I was interviewed today for this afternoon's edition of Marketplace; of course you never know if they'll use it or not.
The topic was the strange — and to my mind wrongly decided — decision ordering massive disclosure of user YouTube video-viewing records in Viacom v. Google. For a very good explanation of most of the problems with the decision see EFF's Kurt Opsahl's discussion at Court Ruling Will Expose Viewing Habits of YouTube Users.
Based on the cursory discussion in the decision, I don't think the Judge read the Video Privacy Protection Act (aka “the Bork Bill”) right.
The decision is, if anything, worse than Opsahl says, in that the court also orders disclosure of information relating to “private” videos — videos marked for limited distribution — including the title and information about who uploaded them. While it may be the case that some of these videos are trying to share copyright protected materials under the radar, it is undoubtedly the case that many of these videos are (1) truly private and of very limited distribution and (2) the author would be identifiable from the associated information ordered to be disclosed. (The order also is opaque as to what sort of precautions if any Viacom would be required to take to prevent leakage of this data.)
There are some procedural obstacles to getting an immediate interlocutory appeal of this decision, but assuming they can be surmounted I think there's a strong chance of reversal before the 2nd Circuit.

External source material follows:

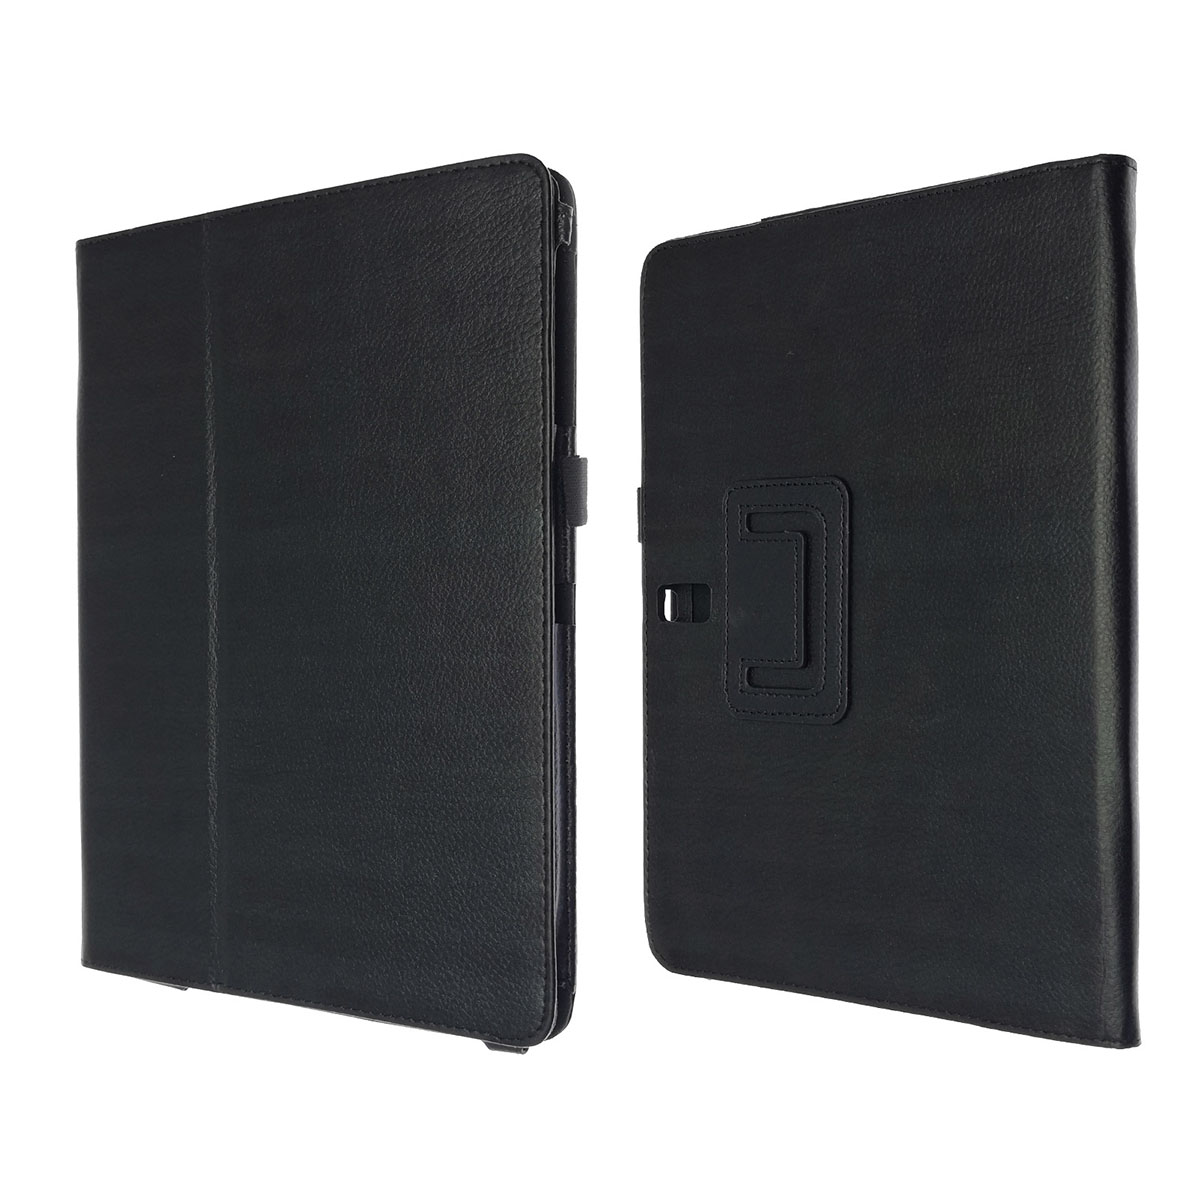 Чехол книжка для SAMSUNG Galaxy Tab S 10.5 (SM-T800, SM-T805), экокожа, цвет черный.

This is only one of the first in what is sure to be a long series of fishing expeditions in the increasingly elaborate databases being created about our online behavior. It will get worse once our ISPs start tracking our every move in order, they will say, to better advertise to us. Video viewing records have the peculiar advantage of being protected by an unusually powerful statute, the so-called 'Bork Bill'. Many other records won't have that (although some will have ECPA), and that is an issue which needs urgent attention.
This order is probably broader than it appears at first reading… and that’s saying something.
The order provides:
Note that merely browsing to a site containing an embedded YouTube video will result in a HTTP GET request directed to YouTube’s servers. This request happens automatically, even if the video is not played. (Unless, of course, the user has configured their browser with NoScript or Flashblock, or is using a text-mode browser like Lynx.)

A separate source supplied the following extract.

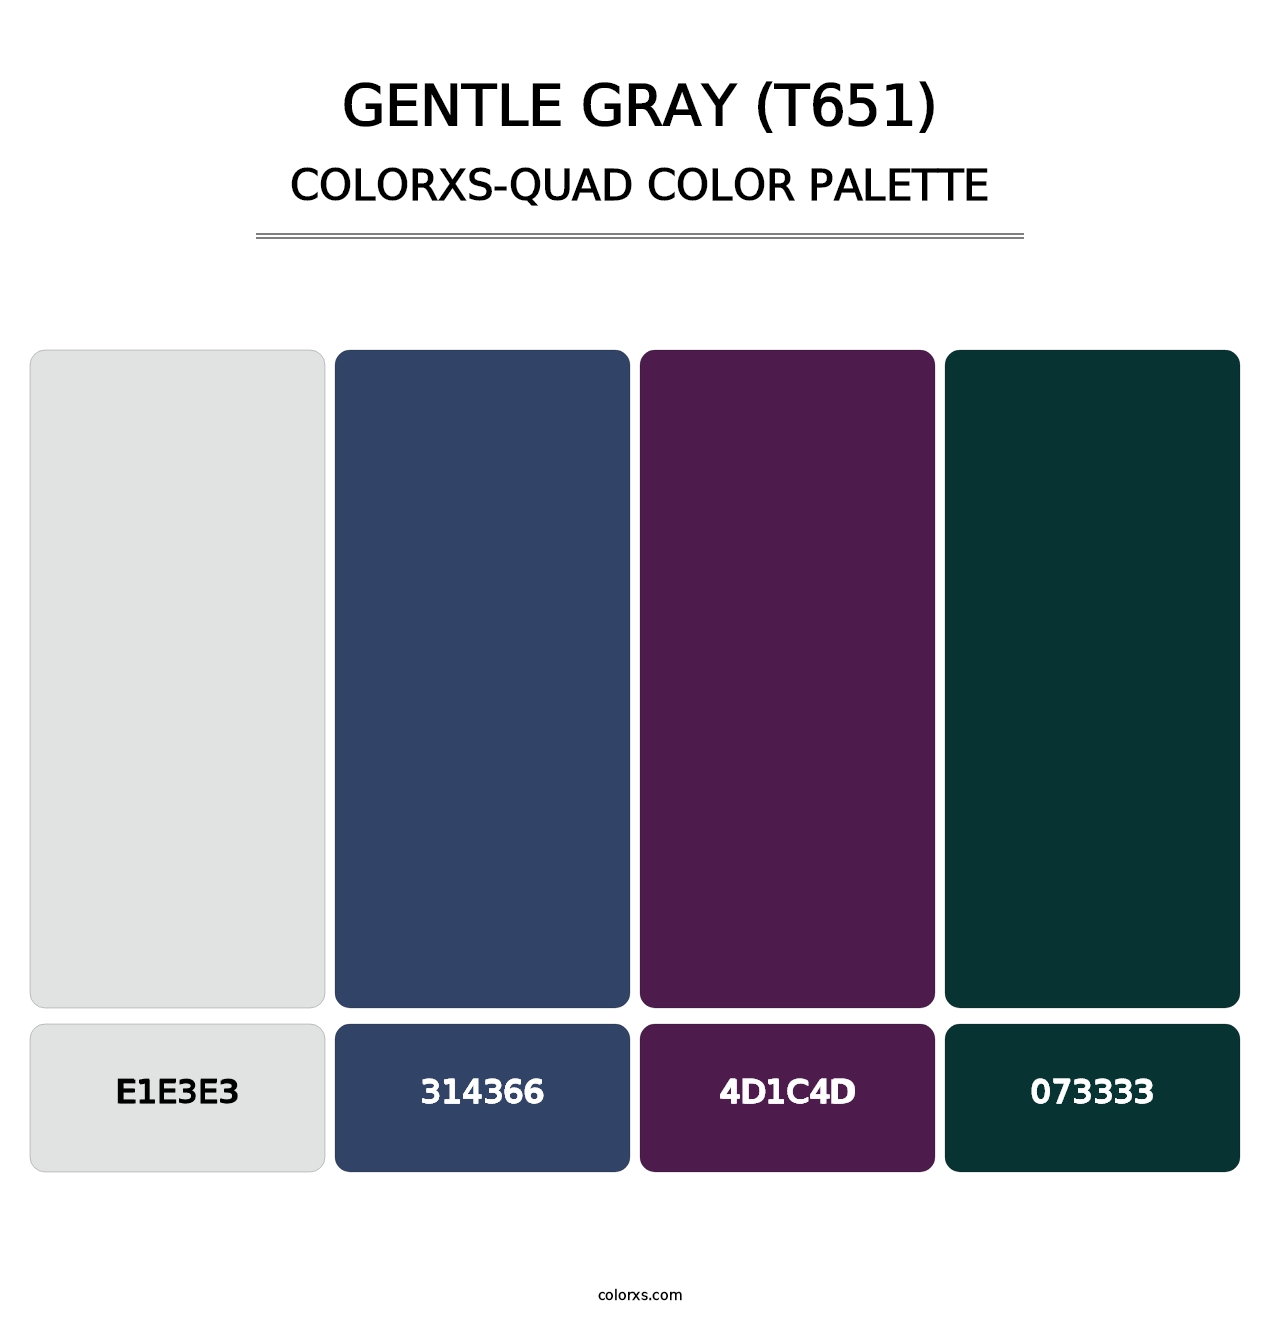 Gentle Gray (T651) - Colorxs Quad Palette

The order appears to require IP addresses and other log data for everyone who has ever merely browsed to a page where a YouTube video has been embedded. Everyone. Whether they played the video or not.
Now that’s a broad order.
I don’t read the order that way: I read it to require info about “each time a YouTube video has been viewed” — and I don’t think bringing up the still on an embedding counts as a “viewing”. Now, if you click on it…
Until and unless the judge clarifies his order, then the only reading of “view” that counts are the plaintiffs and defendants. I don’t know how expansively Viacom reads “view”, but I think there’s a good —plain English— argument that viewing the still is a “view”.

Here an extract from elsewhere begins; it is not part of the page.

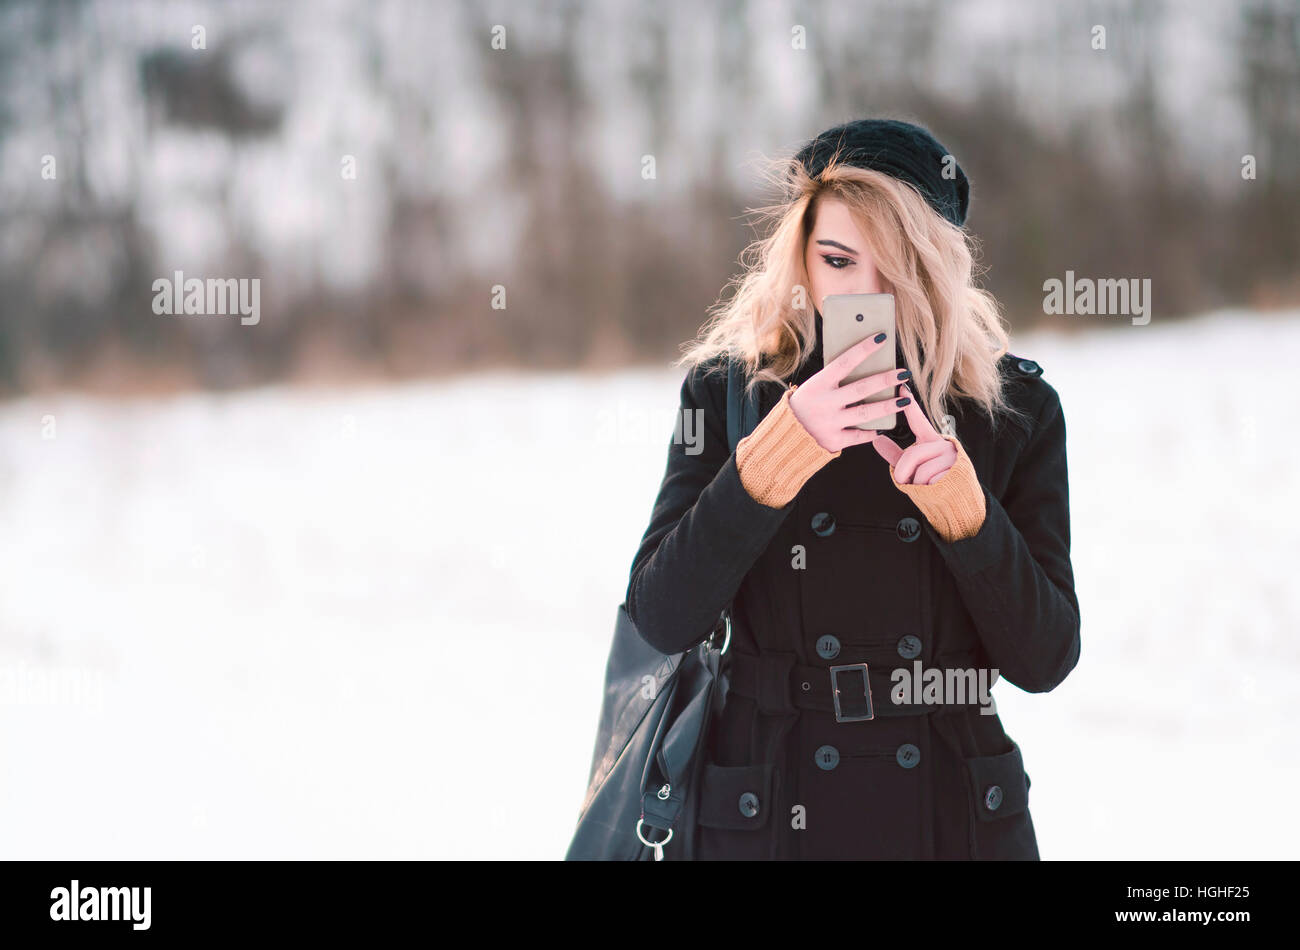 Jeune fille blonde d'autres dans des vêtements noirs looking at phone Banque D'Images

I’m certain that in other circumstances, Google would argue that the language of the YouTube Privacy Notice applies to viewing an embedded still:
It seems likely that HTTP GET requests are logged in the “Logging database” which is discussed on pp.11-14 of the order.
And the order granted “all data”.
To me, “all” reads as “all”
(Also, fwiw, I was mistaken earlier: Flashblock apparently does not stop the user’s browser from issuing a GET for Flash content. It merely prevents the Flash from running and keeps the user from viewing it.)